Orbital characteristics
- Epoch: 17 December 1759 (JD 2363871.841)
- Observation arc: 31 days
- Perihelion: 0.96576 AU
- Eccentricity: ~1.000
- Inclination: 175.126°
- Longitude of ascending node: 83.553°
- Argument of periapsis: 301.727°
- Last perihelion: 17 December 1759

Physical characteristics
- Apparent magnitude: 2.0 (1760 apparition)

= Great Comet of 1760 =

Comet spotted in Lisbon

The Great Comet of 1760, also known as C/1760 A1 by its modern nomenclature, was first seen on 7 January 1760 by Abbe Chevalier at Lisbon. Charles Messier also spotted the comet on 8 January 1760 in Paris, by the sword of Orion. The comet was his third discovery and the comet was the 51st to have a calculated orbit. Messier observed the comet for a total of 6 days.

== Observational history ==
It approached the Earth to within approximately 0.0682 AU on January 8, 1760. This was the 17th closest known approach by a comet up to 2006. Messier gave the comet a magnitude rating of 2.0, making it easily visible to the unaided eye. Messier also gave the comet an elongation angle of 140 degrees. Two days later, James Short also recorded his sighting of the comet while it was in the constellation Eridanus, noting that it moves about 2 degrees per day towards the west.

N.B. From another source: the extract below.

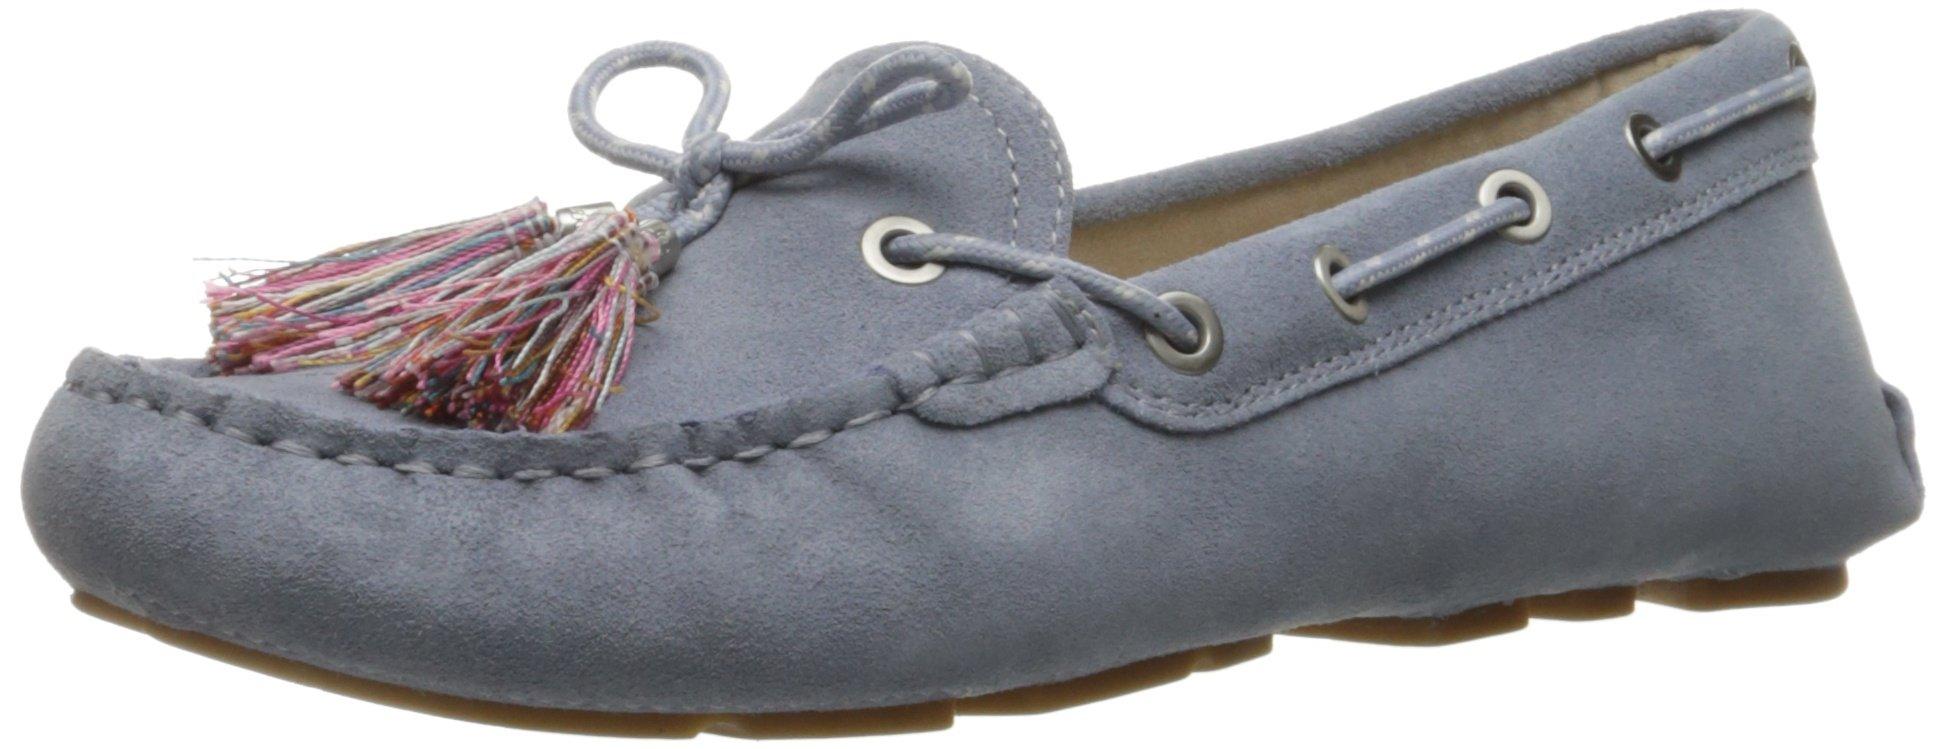 Sam Edelman Women's Fantine Boat Shoe, Dusty Blue Suede, 7.5 M US

Messier came up against opposition from Navy astronomer Joseph Nicholas Delisle, who had employed Messier from October 1751, because Delisle would not publish the discovery Messier had made. This was a continuation of the mistrust that had developed between Messier and Delisle because Delisle had been slow to publish work done by Messier in 1759; Messier had independently rediscovered Halley's Comet on 21 January 1759 but because Messier had doubted the correctness of Delisle's path, Delisle instructed Messier to continue observing the comet and refused to announce his discovery. Delisle apparently later changed his mind and announced the discovery on 1 April 1759, but other French astronomers discredited Delisle's claim, labelling the discovery an April Fools' joke. Delisle retired in 1765.

As of June 2008, the comet was about 216 AU from the Sun.